More than a dozen consumer electronics companies, including Panasonic (MC ), Sony (SNE ), and Philips, have formed a group called the Manufacturers Coalition for Responsible Recycling. Backed by IBM, Canon and Apple, they have dispatched lobbyists to statehouses across the nation, pushing bills that mirror California's somewhat weak recycling program. Instead of forcing manufacturers to take back waste, they would impose a levy of up to $10 on sales of products to help states cover recycling costs without burdening equipment makers.
The e-waste skirmish is part of an important new front in global environmentalism called product stewardship. Proponents argue that a company's responsibility for what it sells should include collection and disassembly at the end of the product's life cycle. As a slogan, product stewardship has been around since the Earth Days of the 1970s, but it is now a serious force in the auto and electronics sectors of Japan and Europe. The movement is likely to broaden in the U.S. as well. Several states are strong-arming auto makers into using less toxic parts, persuading thermostat manufacturers to fund bounties for the return of old mercury-laden devices, and pushing pharmaceutical giants to redesign packaging to reduce waste and accept unused medications for disposal.

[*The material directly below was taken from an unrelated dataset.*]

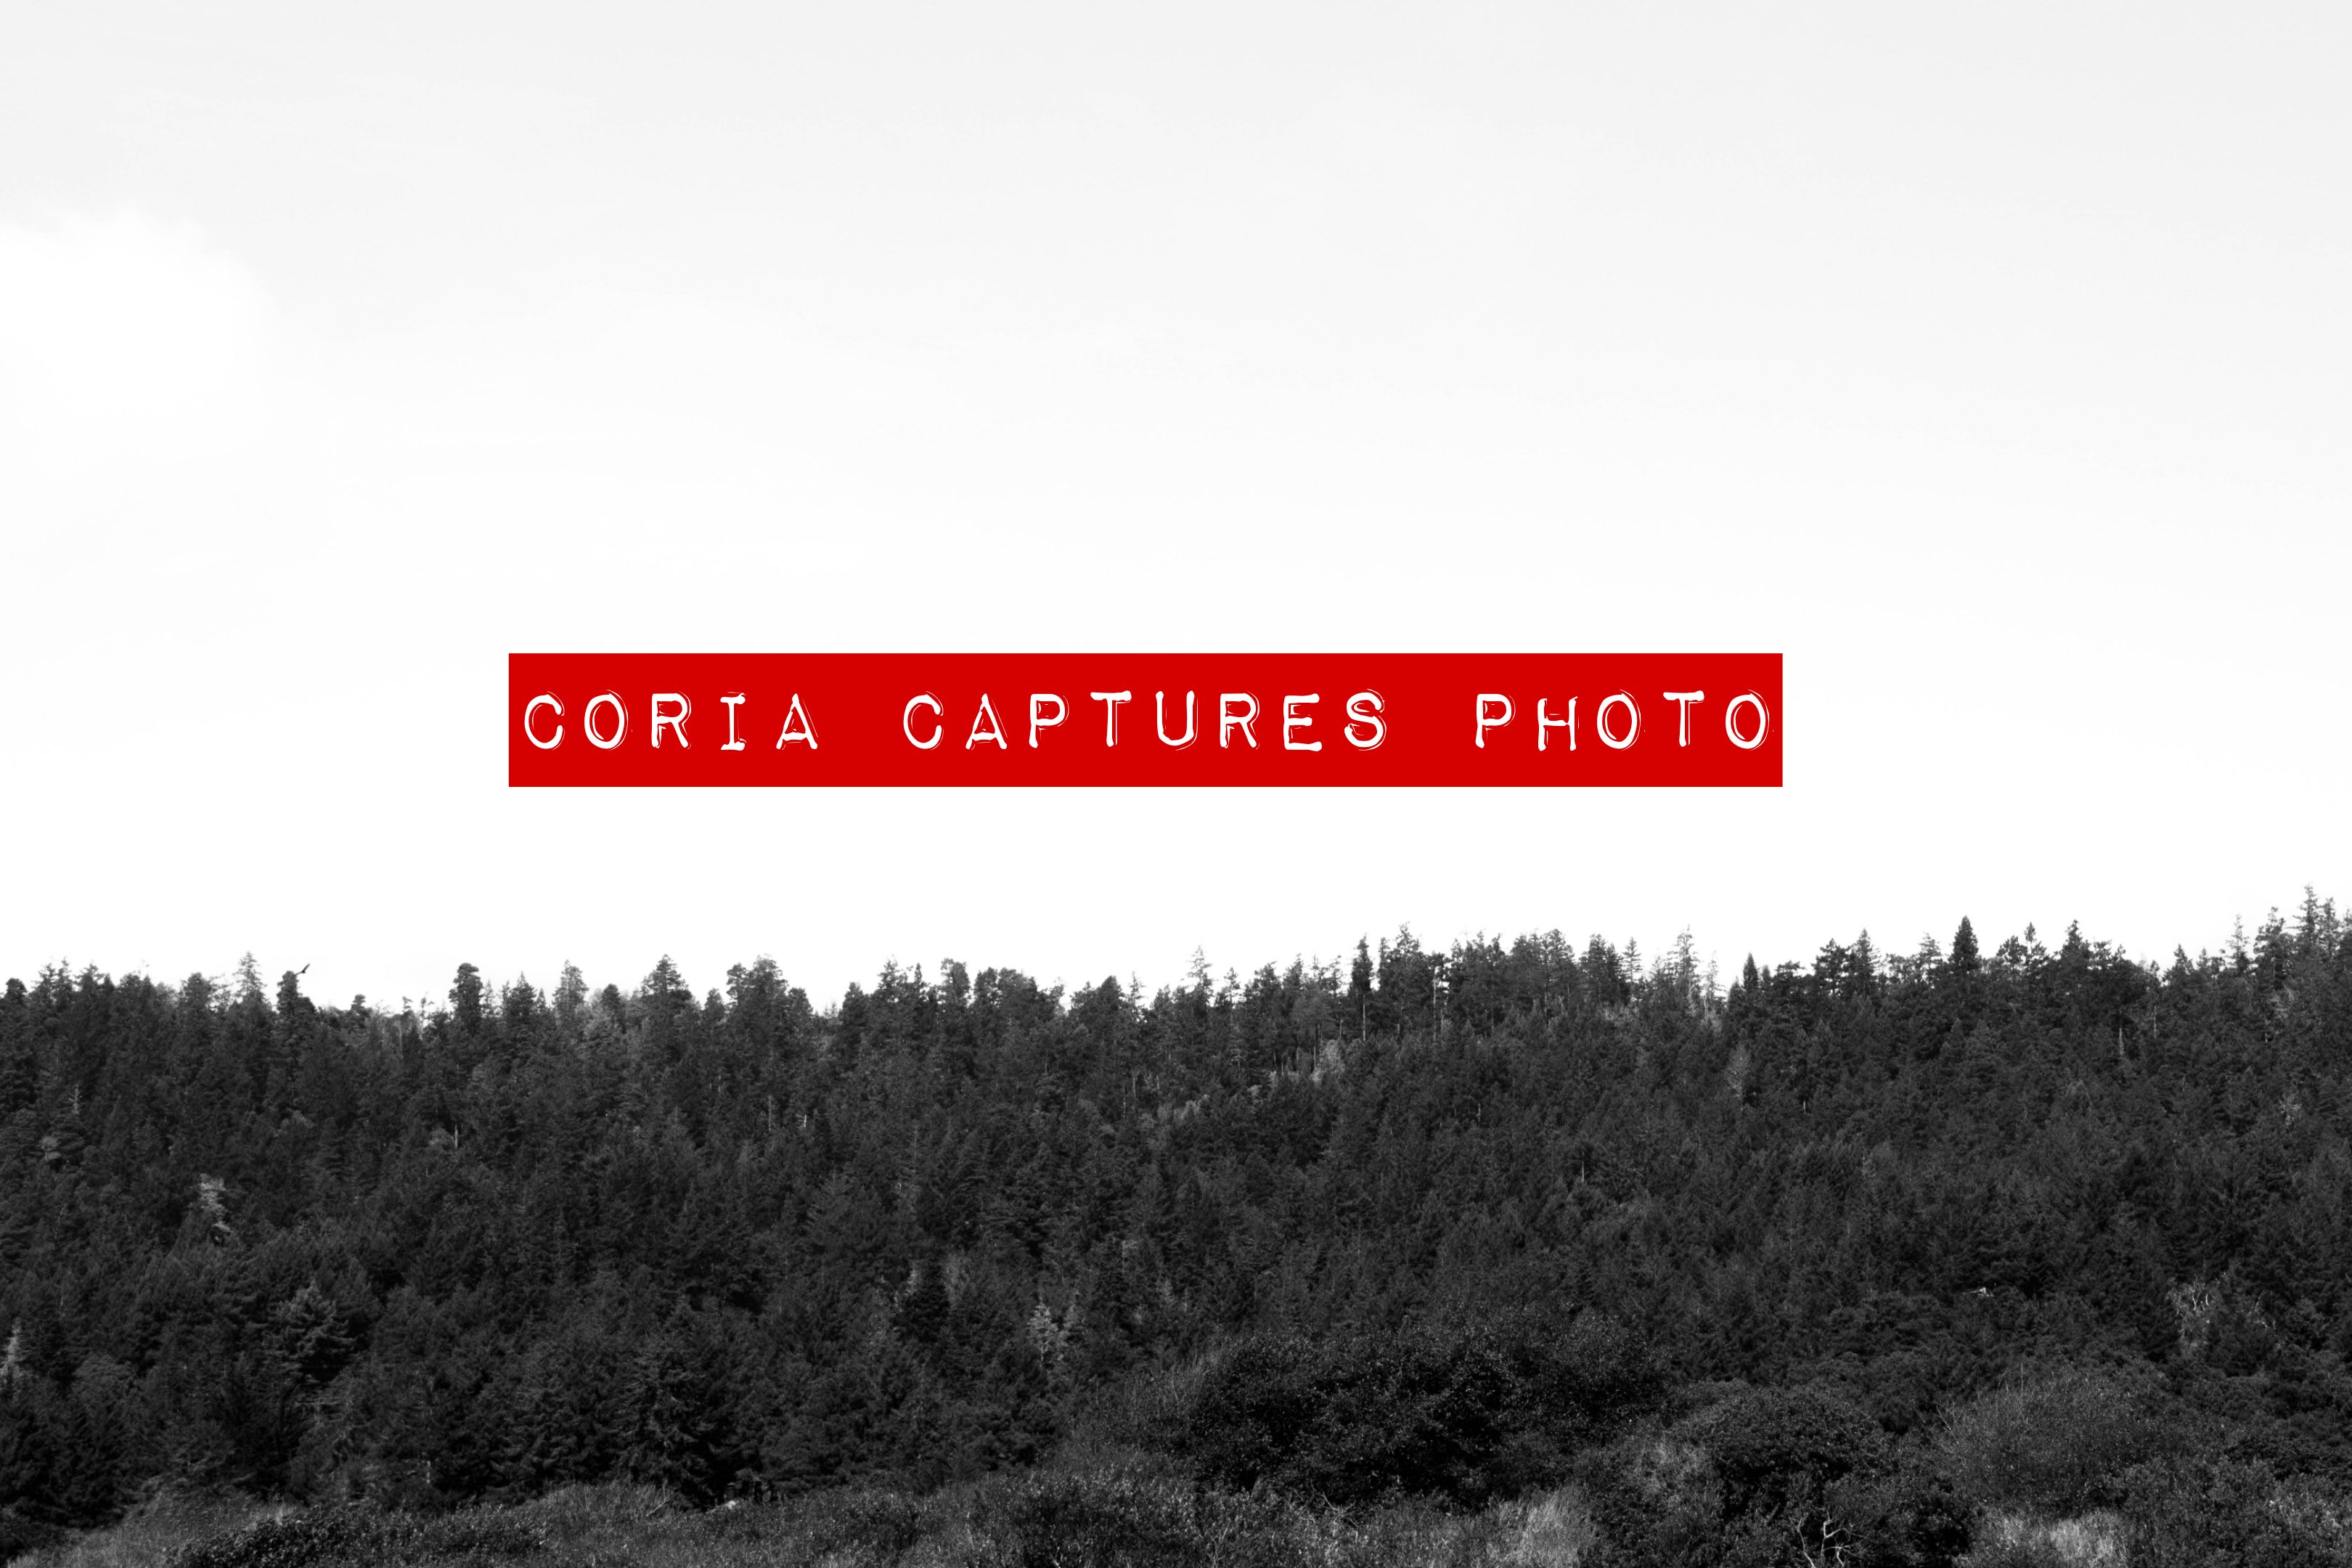 Coria Captures Photo

But manufacturers have many concerns, including the fact that take-back laws such as Maine's allocate costs based on the weight of the junk consumers return. Consider the implications for big picture tubes: A company like LG Electronics, which owns the Zenith brand, could end up being responsible for heaps of old Zenith TVs, even though LG's market share is relatively small. And IBM, which has abandoned the PC market, might still be forced to recycle millions of machines bearing its logo. "They're really discriminating against legacy manufacturers," says coalition spokesman David A. Thompson, director of Panasonic Corp.'s Corporate Environmental Dept. "New market entrants have no waste stream. They're getting a free ride in Maine and Washington."
Environmentalists' biggest disappointment has been Apple Computer Inc. The company's progressive image, loyal customers, and retail network make it a natural for a take-back program. Yet Apple has fought such programs, and it lags behind HP and Dell Inc. (DELL ) in voluntary recycling. During Maine's legislative fight, "they were doing more than any other manufacturer to fight the bill," says Jon Hinck, staff attorney for Maine's Natural Resources Council.
When shareholders at last year's annual meeting hit Apple over the Maine bill, CEO Steven P. Jobs publicly dismissed the gripe with a barnyard profanity. This year, green groups have put a resolution on the agenda of the Apr. 27 shareholder meeting that directs Apple to study how to boost recycling. "They are laggards in a number of ways on the issue of e-waste. It's come to the point where we need to have the company confronted," says Conrad MacKerron, director of the corporate social responsibility program at As You Sow Foundation, a green advocacy group that pushed the resolution.
Apple says critics ignore the company's efforts to use recyclable and clean materials in its products. It has cut lead use and says that, by weight, 90% of Apple computers can be recycled. Their sleek designs and spare packaging also mean less waste, says Chief Operating Officer Timothy D. Cook. "It's important to look at the whole of the process," he says, "not just one part." Cook also argues that take-back programs overlook a key fact: "Recycling is a responsibility of the person who makes the product, the people who use the product, the people who sell the product, and the government."
If Apple hopes to catch up with HP, it might have to think harder about the first part of that sentence.